[Start of Attachment]
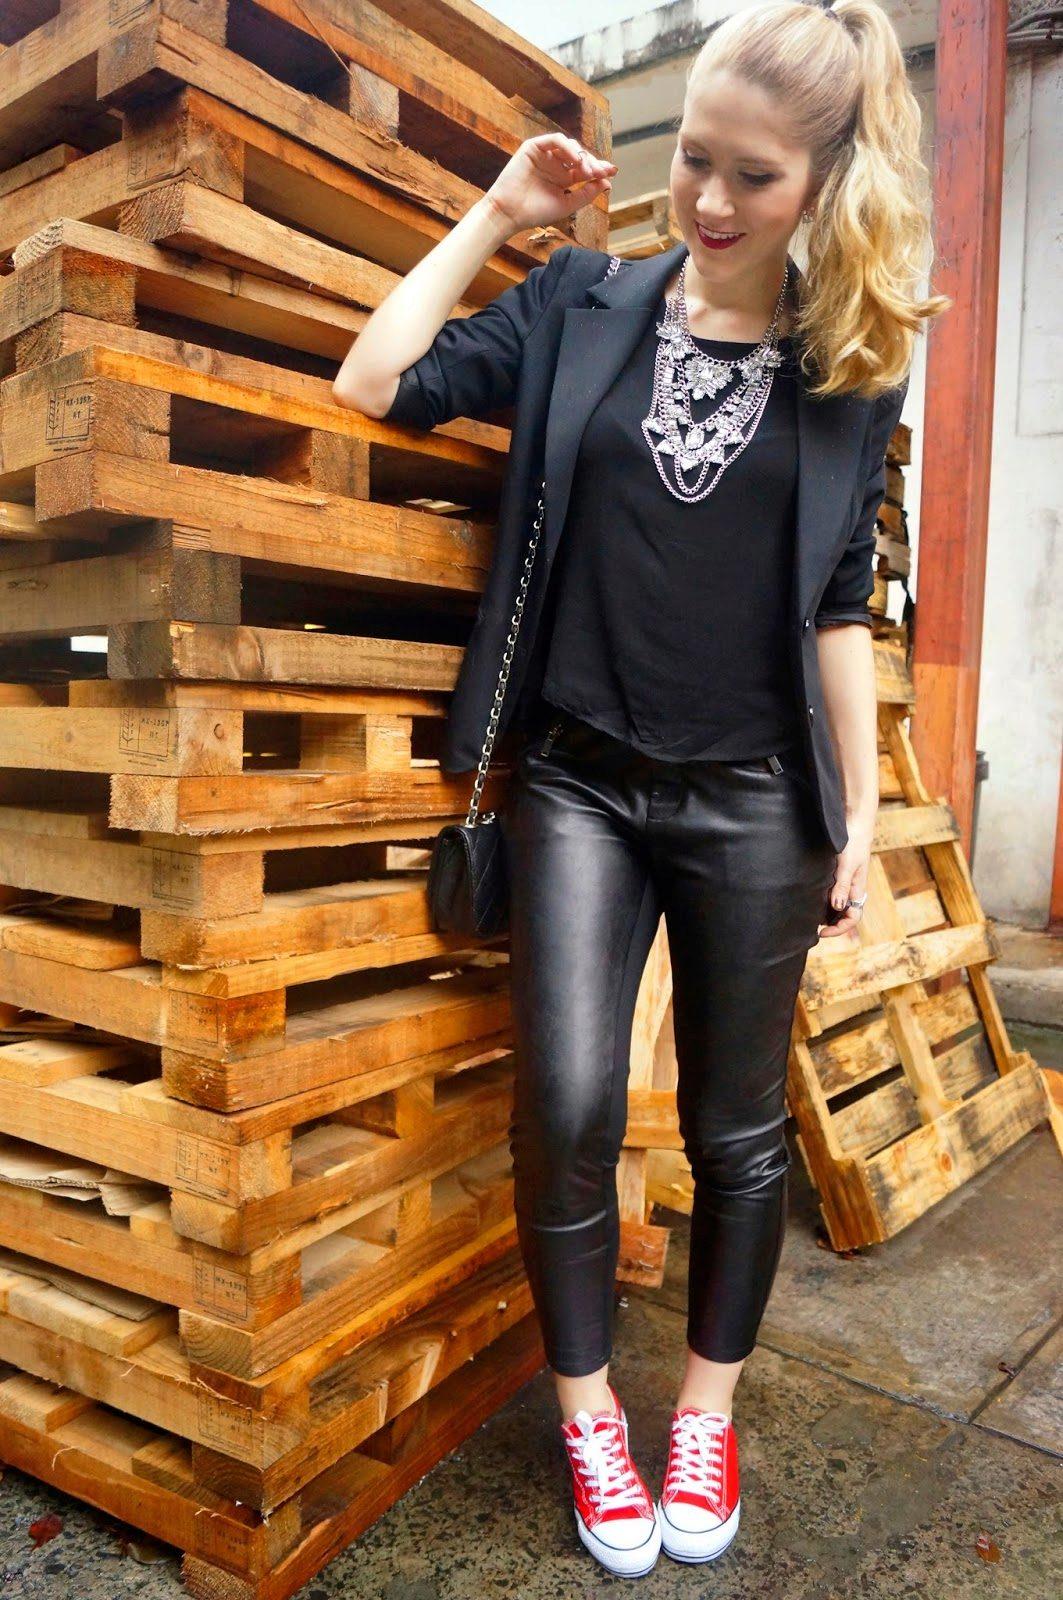 Leather Jacket - Get genuine leather
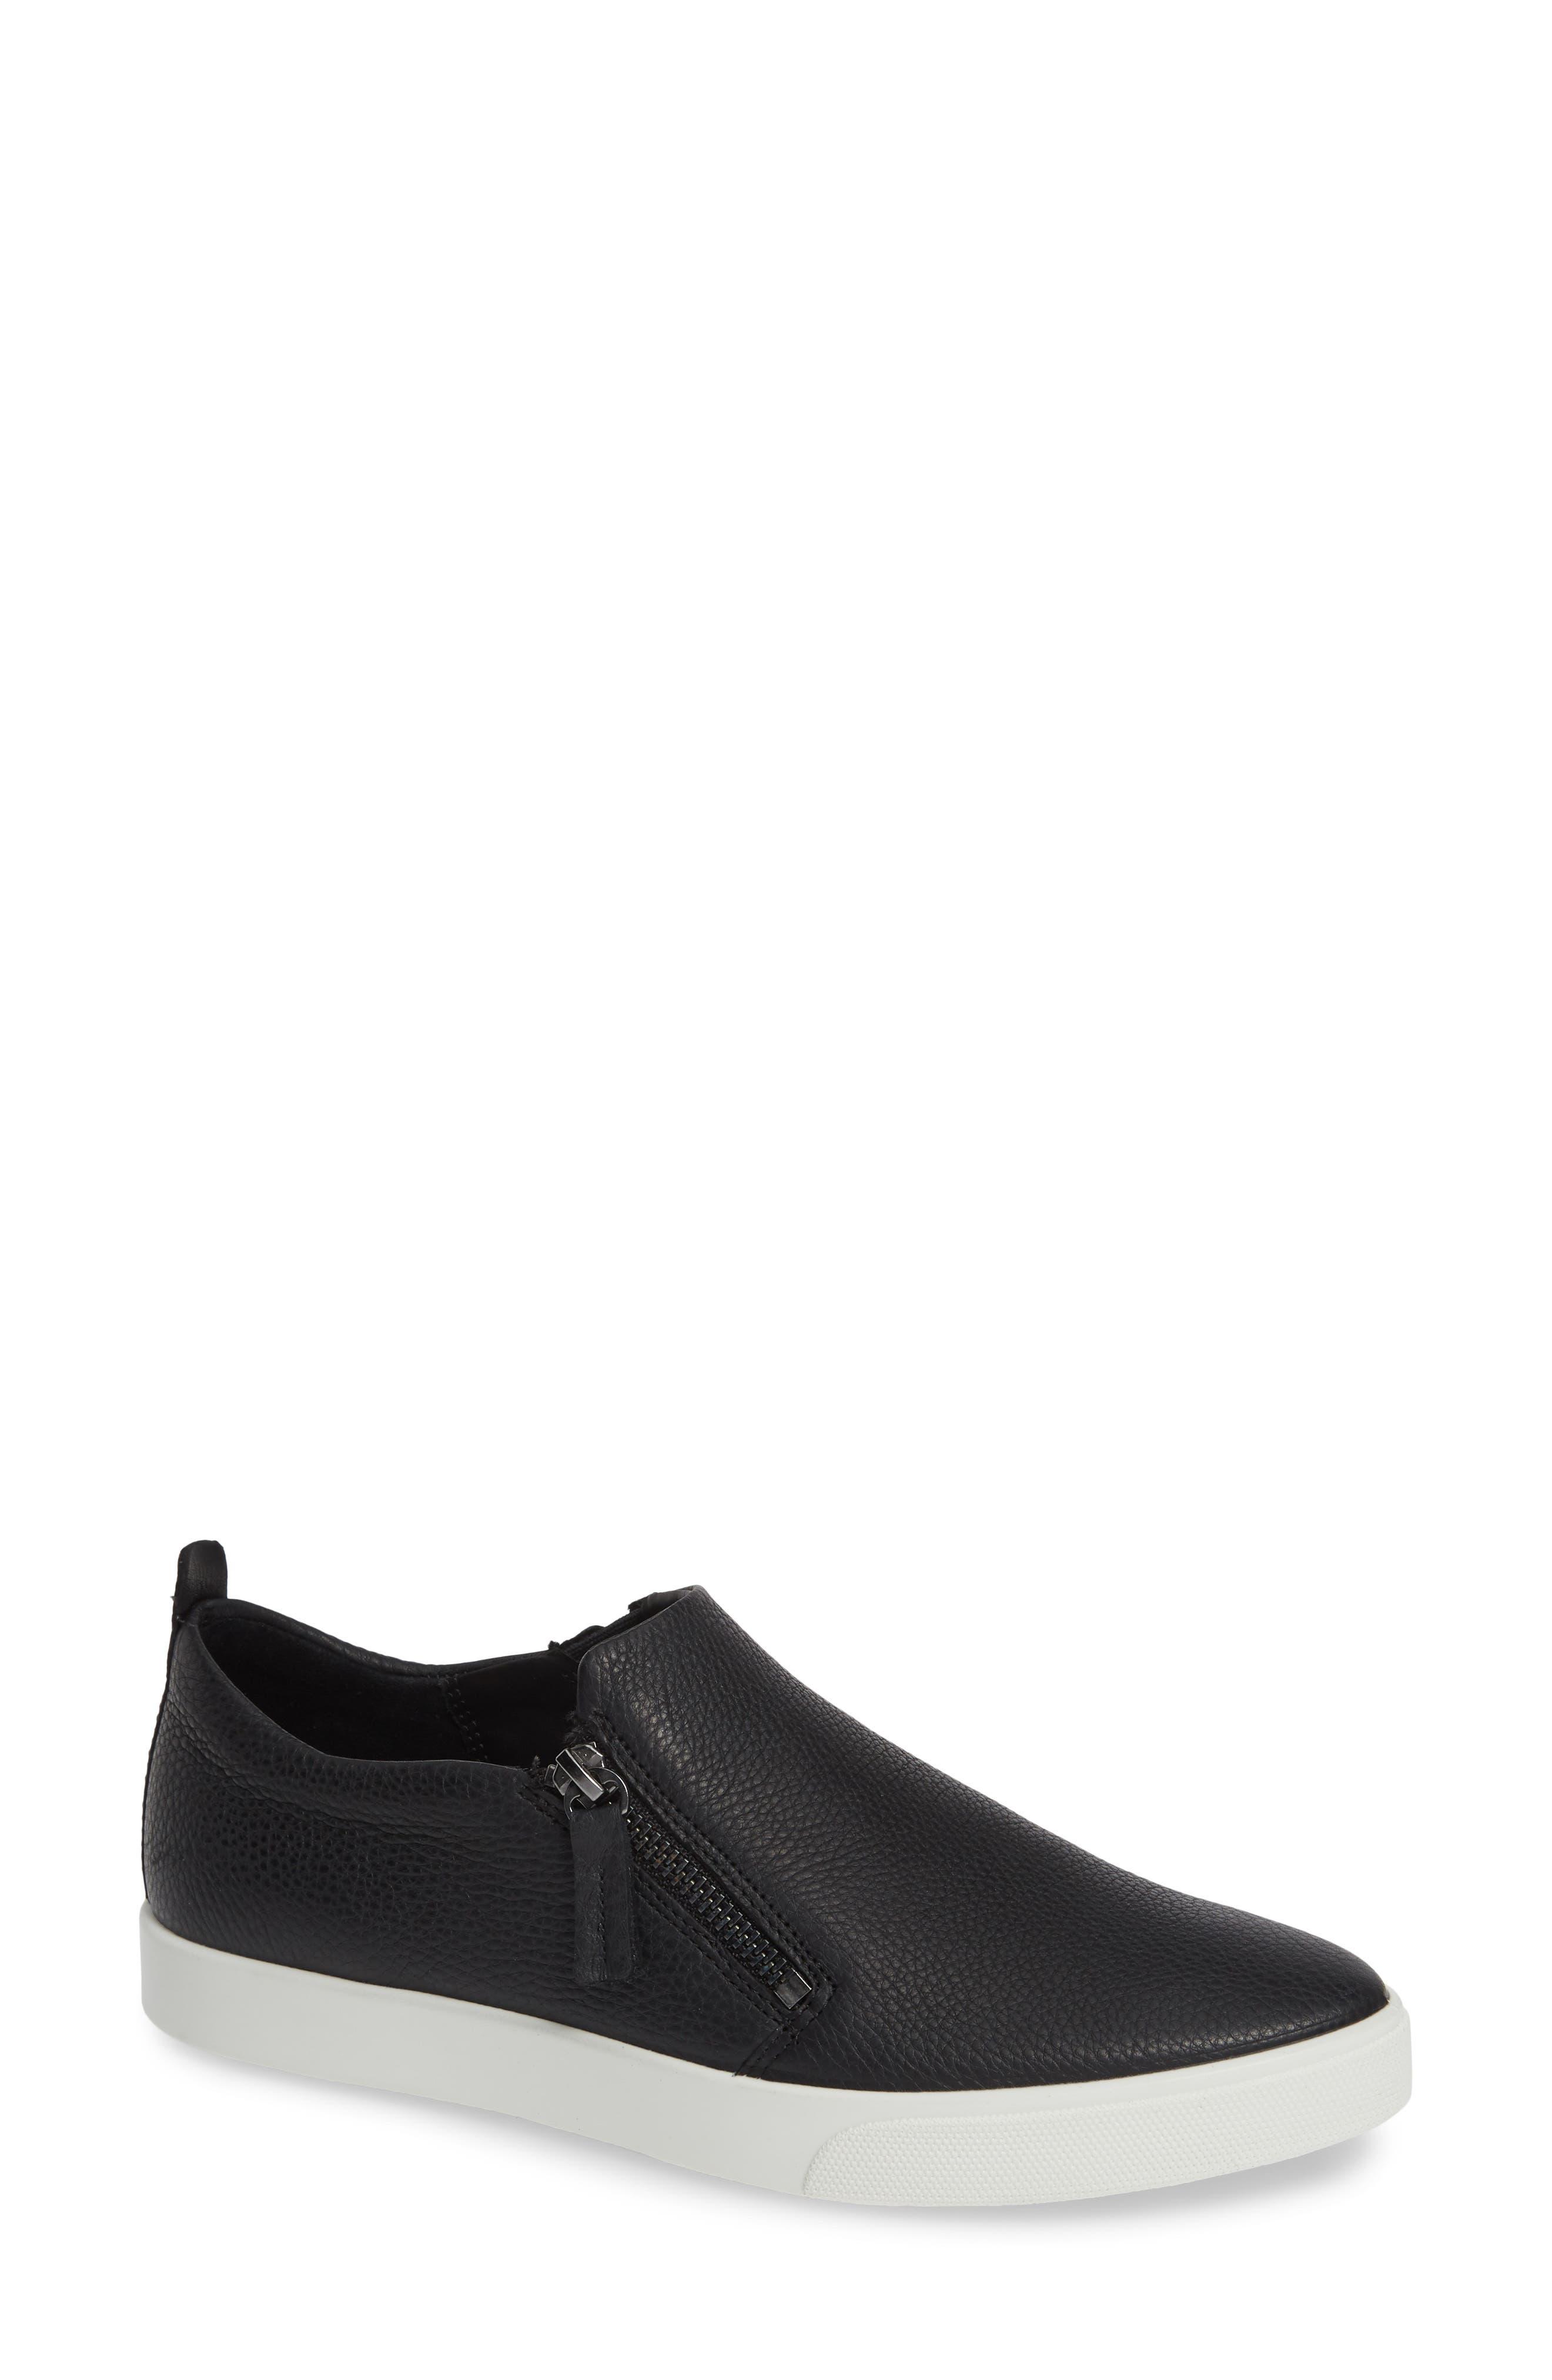 Ecco Gillian Side Zip Sneaker, Black
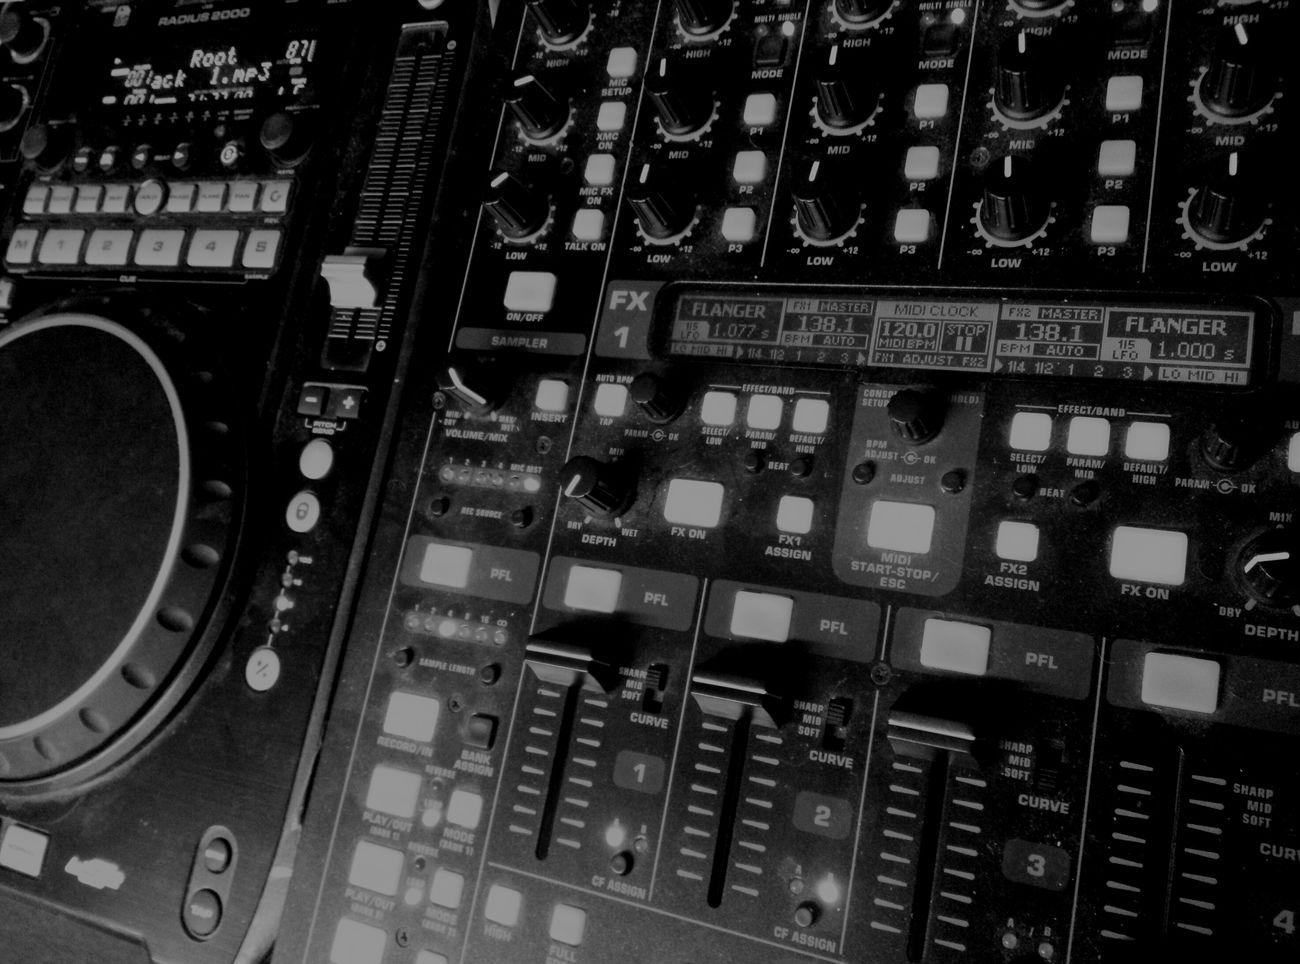 Party bei Rautemusik.FM @DJ Torsten Dee (Torsten78) Dj Ludwigshafen Talking Photos
[End of Attachment]
§ **What you should do**
The listing above is to be set down word for word, without its images.

§ **Written answer**
 Leather Jacket - Get genuine leather
 Ecco Gillian Side Zip Sneaker, Black
 Party bei Rautemusik.FM @DJ Torsten Dee (Torsten78) Dj Ludwigshafen Talking Photos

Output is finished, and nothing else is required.